The part that made me the most sad was the teenagers. The presenter went into a group of teens and asked how many wanted plastic surgery and all the girls put their hands up. Summed up by one young lady who said she wanted it for herself to make her feel better about herself. I cannot tell you how my heart sunk. I have had the privilege of working with young people for over a decade and there is nothing sadder than having young people with no sense of identity and seeking it in all the wrong places. 

The presenter of the show said to one woman there is nothing wrong with wanting plastic surgery but.... I guess that really does put it into perspective. My mum always told me that not everything we want is good for us. But I am guessing not everyones mother told them that. 

I really don't know what to say about the sad state of a world that judges us only it seems by our outward appearance. It has turned our youth into people without a sense of identity or purpose or long sight. It seems that they are only interested in the here and now and that can lead to dangerous consequences for the rest of their lives. For me personally I will work wherever I can to help young people to realise their value and place their energies in something at will bring lasting joy. Too many times I have seen the pain of this lifestyle in people of my own age group if we can help those younger than us not experience this then we should do everything to stop it. 

What a weekend

I am back to work after an eventful weekend and instead of starting work promptly I tidy the room like a crazy person cause my mind doesn't work if it's messy. My lovely husband says I am Monica from Friends. I do not agree but it is true that if the house is untidy then I cannot function. My brain mulls over and over the different ways of tiding it all up until it's done. It might sound crazy but there it is I am a sort of neat freak. 

Right then back to the weekend on Friday my family and I joined other students in making the journey to University of Wales, Lampeter for graduation. Leading up to graduation I was not really excited at all. Normally if anything is happening I get so excited and start acting like a five year old leading up to the event. I get silly excited and you know what I enjoy it but somehow graduation had lost the sparkle and I was not excited. It had been a long time coming and I had been through a lot to get there, so excitement should have followed but instead there was nothing. 

When we got to The university I went upstairs received my gown then was sent next door to have someone help me with it. As the lady helped me with my gown she said oh my you have a masters. I suddenly turned and looked at this woman I had never met before and it was like ding there it was. I started squealing with delight I have my MA. I was so excited and almost ran (I was wearing 5inch heels), downstairs to my family where I continued to act like a crazy person with excitement. It was finally all over, the handwork, the heartache, the pain and the years of study, I had my MA in theology. 
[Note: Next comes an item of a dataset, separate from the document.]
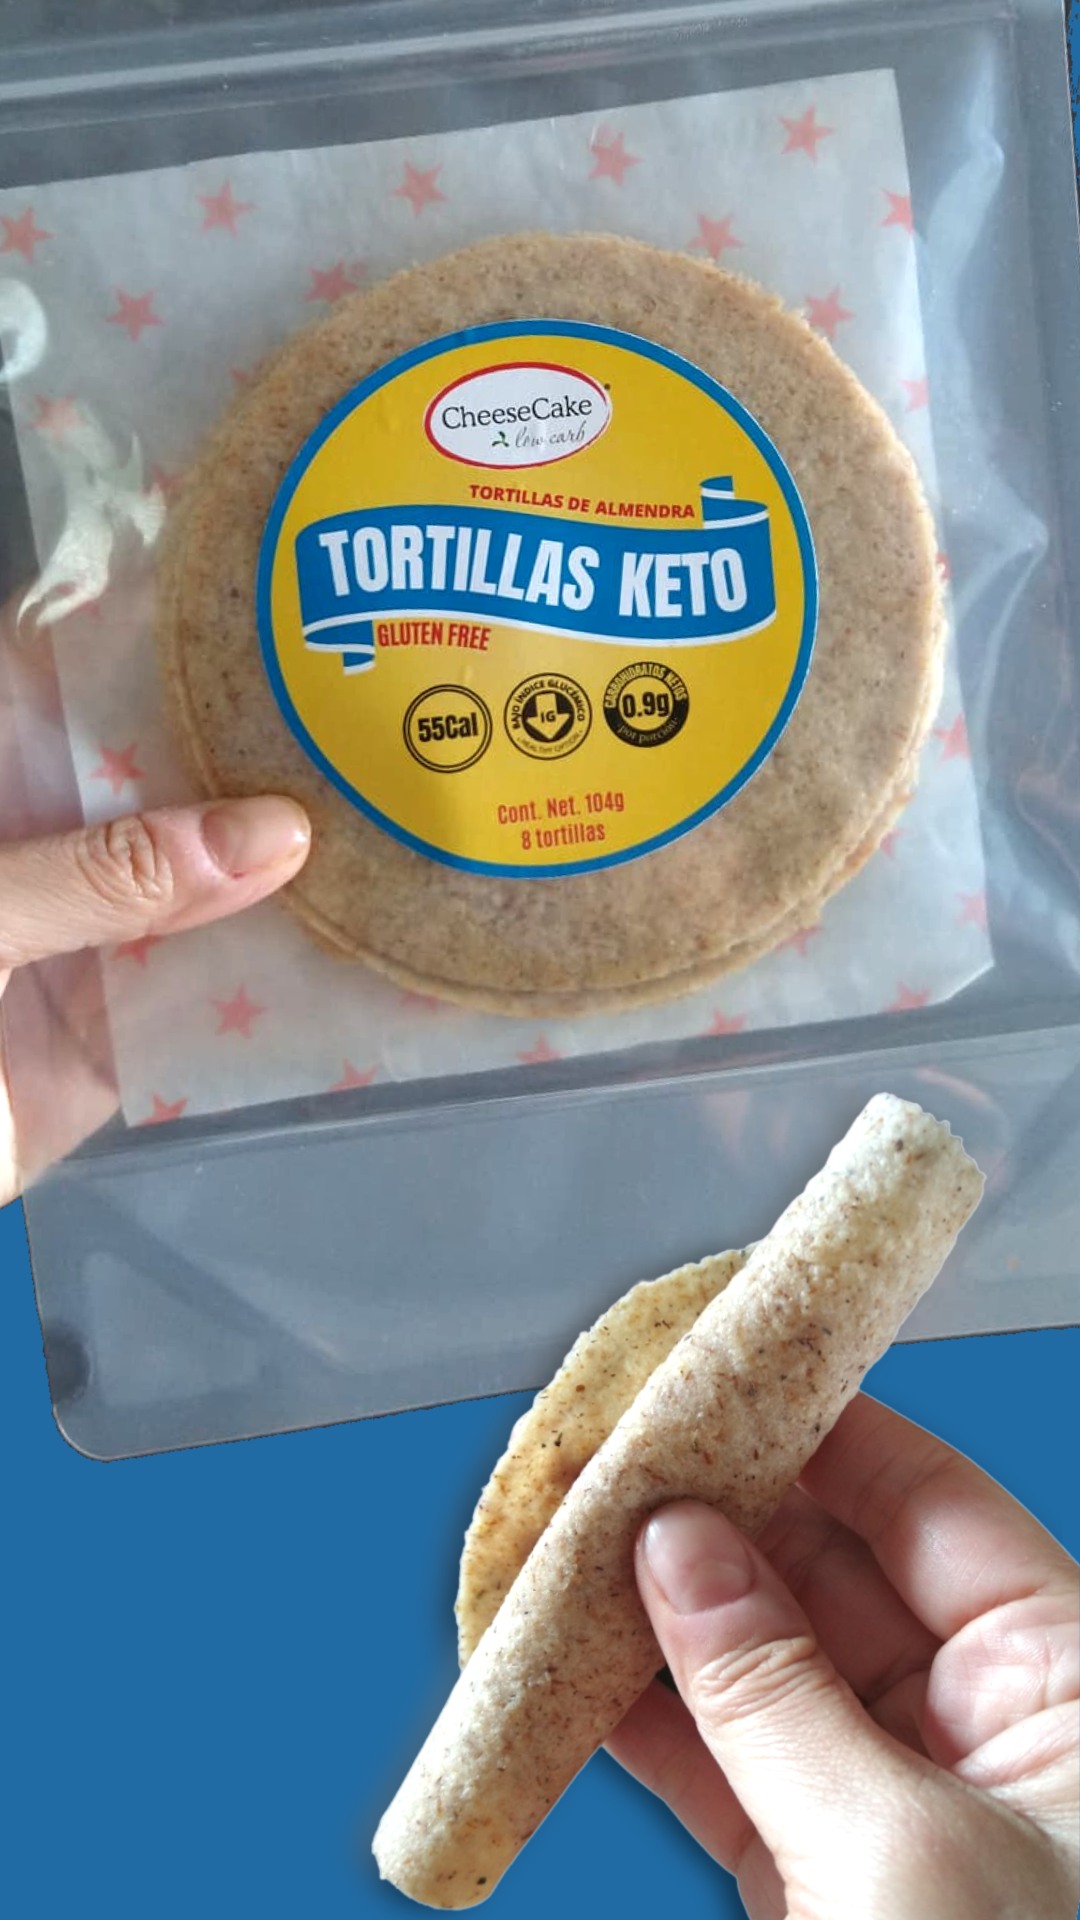 Keto Tortillas (express shipping only, refrigeration required)

I Think sometimes when you work really hard for something and it's been a long time coming when you finally get it you can find it really difficult to comprehend. That was definitely true of me. But I have official documents and letters and pictures to say that I have my MA in theology. Woo hoo!!!!
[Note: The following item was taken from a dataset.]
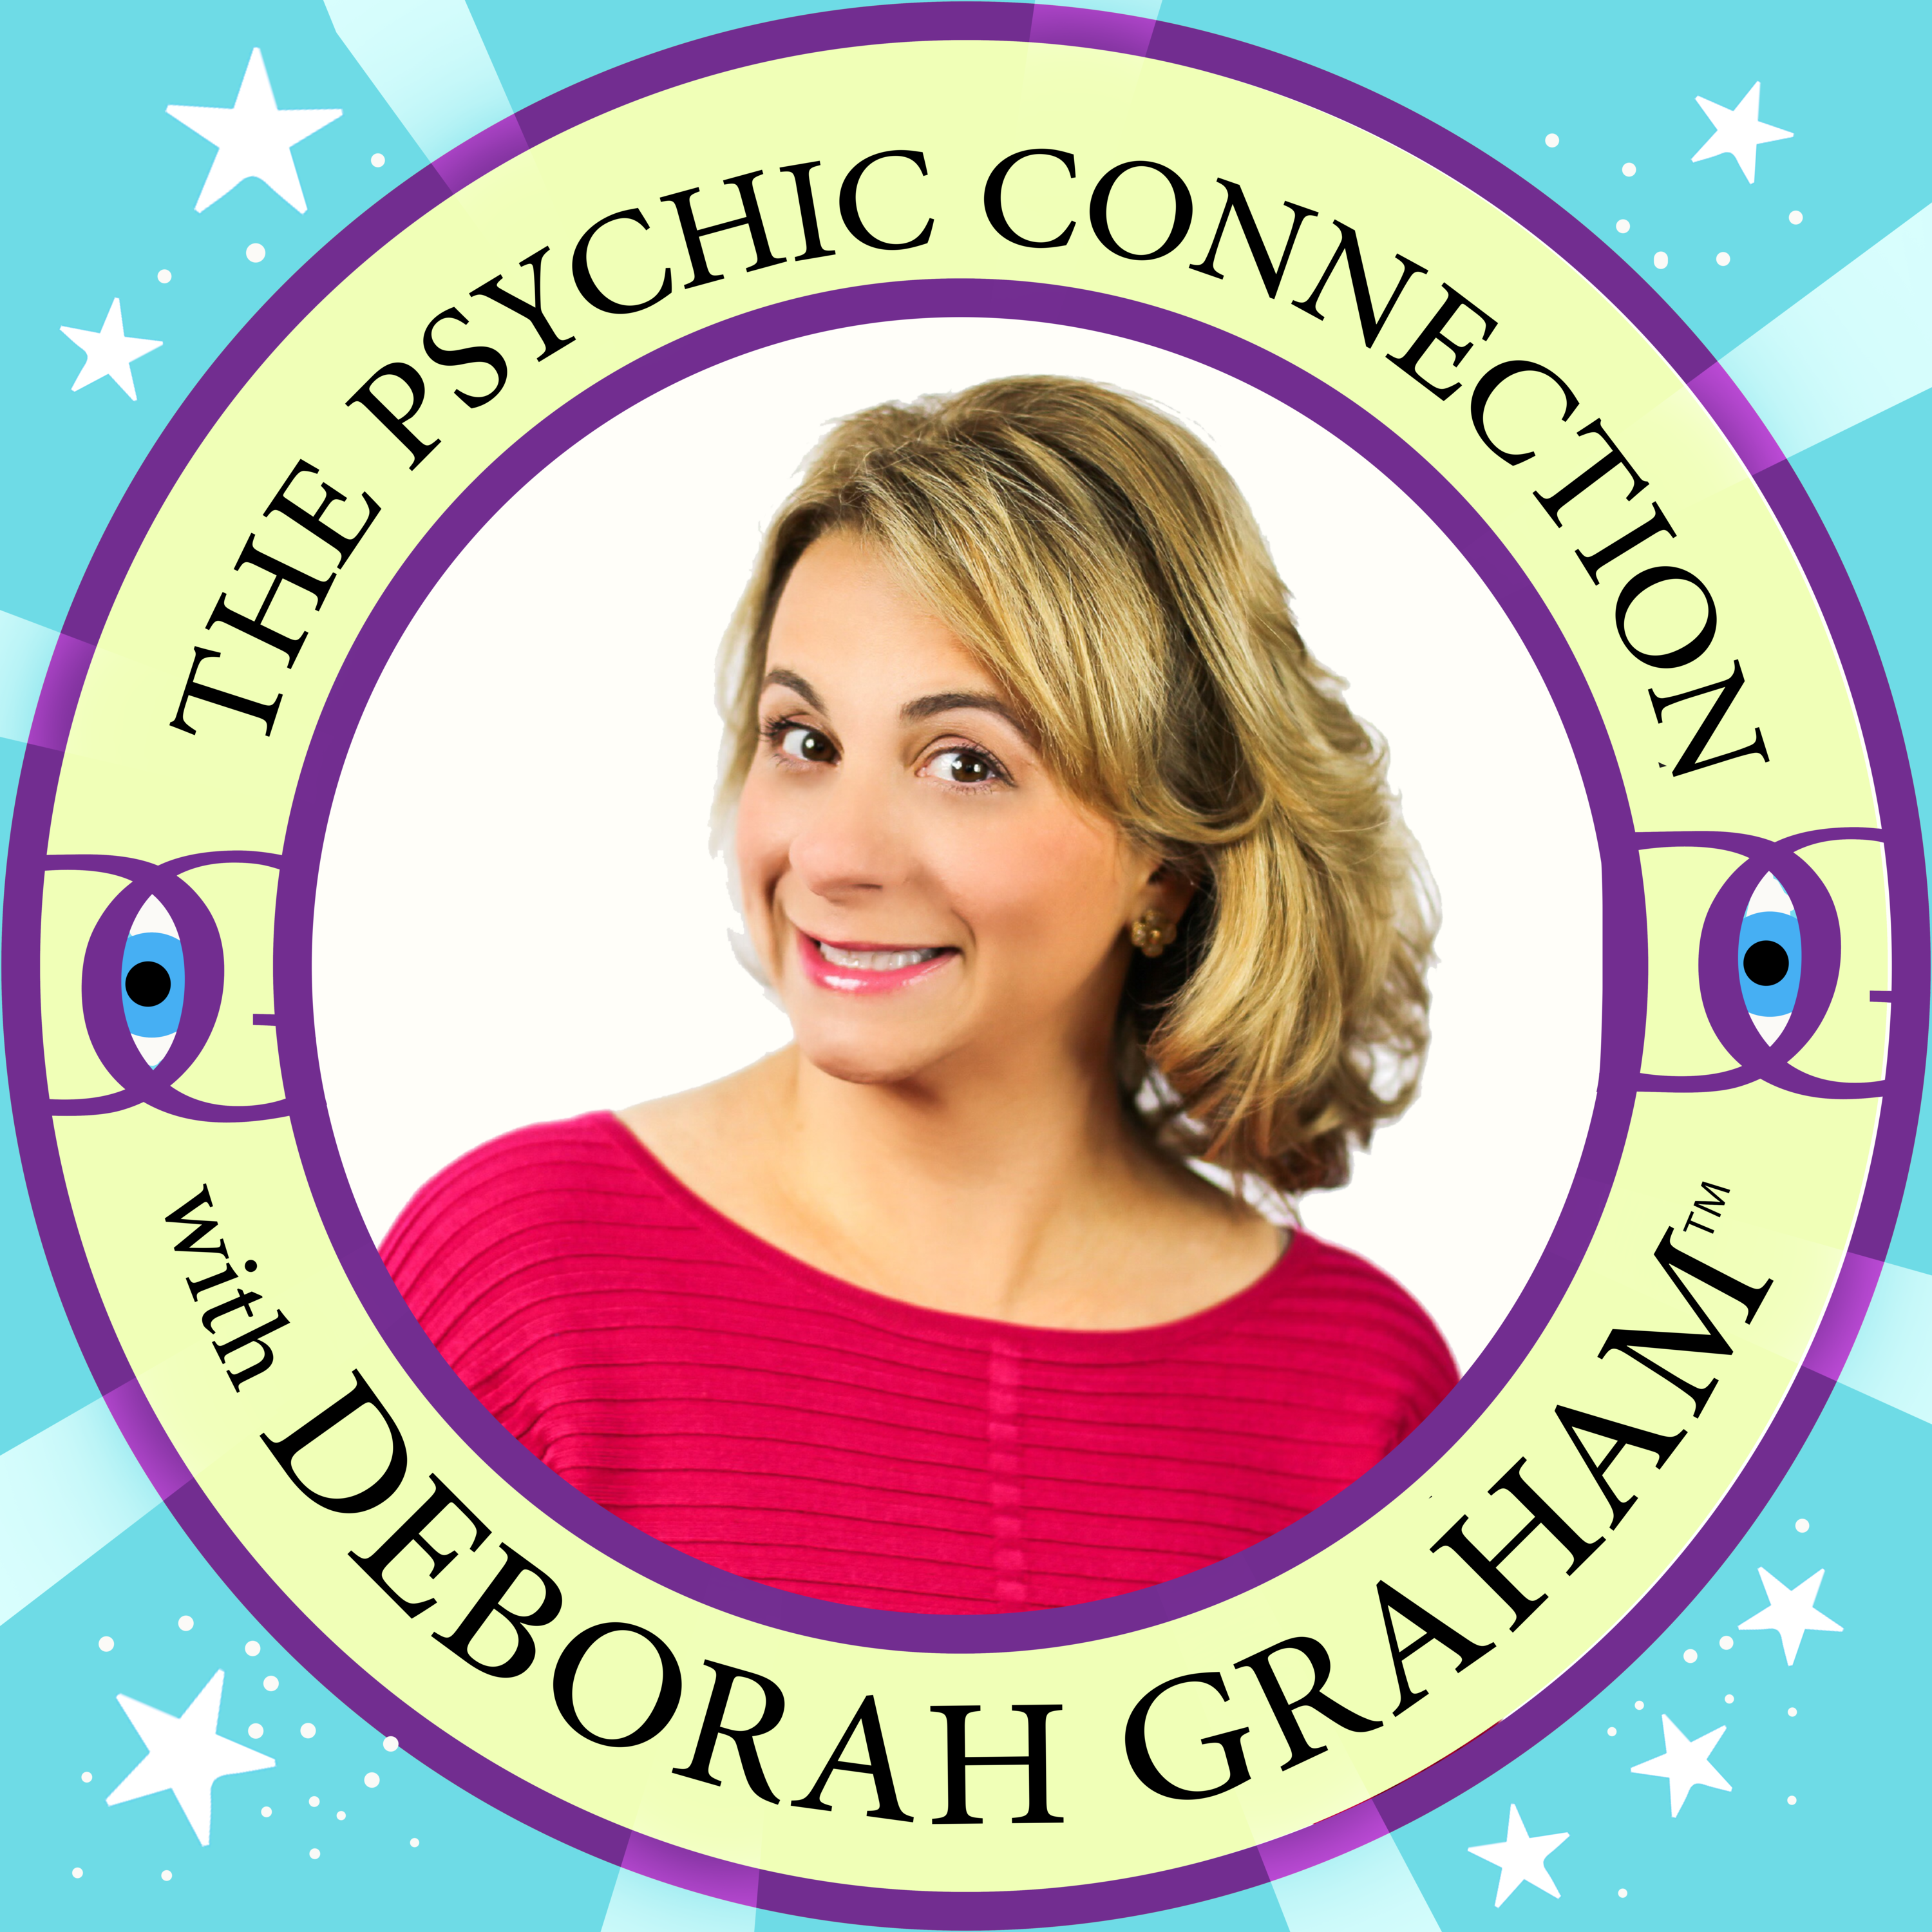 Welcome to Psychic Connection with Deborah Graham

As a treat for graduation my husband took me out on the Saturday evening to see Strictly Come Dancing - The Professionals. Let me say that all day long I jumped up and down like a loony tunes with excitement and it didn't disappoint at all. I loved loved loved it. Then the next day it was off to College to finish the graduation celebrations with a graduation ceremony at the College I attended. It was super duper fun and this time I was prepared for the excitement. To be honest while I feel elated that I have my MA it's not for the reason of having a masters but more for the fact that despite my circumstances over the past few years. Despite all the trouble and pain we have been through we have something to show for it. The hard work was worth something. When I tell my son about what we went through I can show him what we achieved also. So I am very pleased. 

Now to put it all to good use and continue to build the online/Internet pastor work. Here goes... 

Thursday 8 July 2010

Bible Thought for Today: Acts 14

It is fitting that this morning I start the bible thought and half way through there Paul is stoned. The people leave him for dead but against all odds the disciples gather him up and the next day he is preaching the Word. This week it has come to light that there will be a stoning happening of a woman who has been found guilty of committing adultery

Today it has been revealed that Iran have lifted the death sentence against Sakineh Mohammadi Ashtiani and will not be stoning her although there is some speculation that they will find another way to exact the death penalty for now it has been lifted after pressure from the international community.

At first this seems like good news this woman's human rights will not be violated and she will not suffer for a crime that in the West would only merit a divorce a most. But I have a number of questions what about all the women we don't hear about. Somehow Sakineh has come to the public attention but what about all those that have not. Second if she really did com mitt adultery and I am not convinced that she did because after 99 lashes you might be about ready to confess to anything just to get them to stop where is the man she did it with? It all seems a bit dubious to me.

But this is the first time that I have come close to hearing anything that resembles what Paul would have been through. It seems hard for me to fathom that this is what should happen. We live in such a different time from a time when stoning should be accepted or do we?

Recently a number of churches have pledged to giving attention to equal rights for women and seeking to end violence against women and children. I guess I sit reading that text wondering what I can do in the light of what happened with Sakineh.

Wednesday 7 July 2010

Day 11: Flakey

I am having one of those days after typing a semi descent entry for today my lovely little thing deleted it by accident and so here I am typing again. Today's bible reading is a bit intense so I will have to give it some thought and a little research and try again tomorrow. The reading is below as always if you have any contributions let me know, they are all welcome.  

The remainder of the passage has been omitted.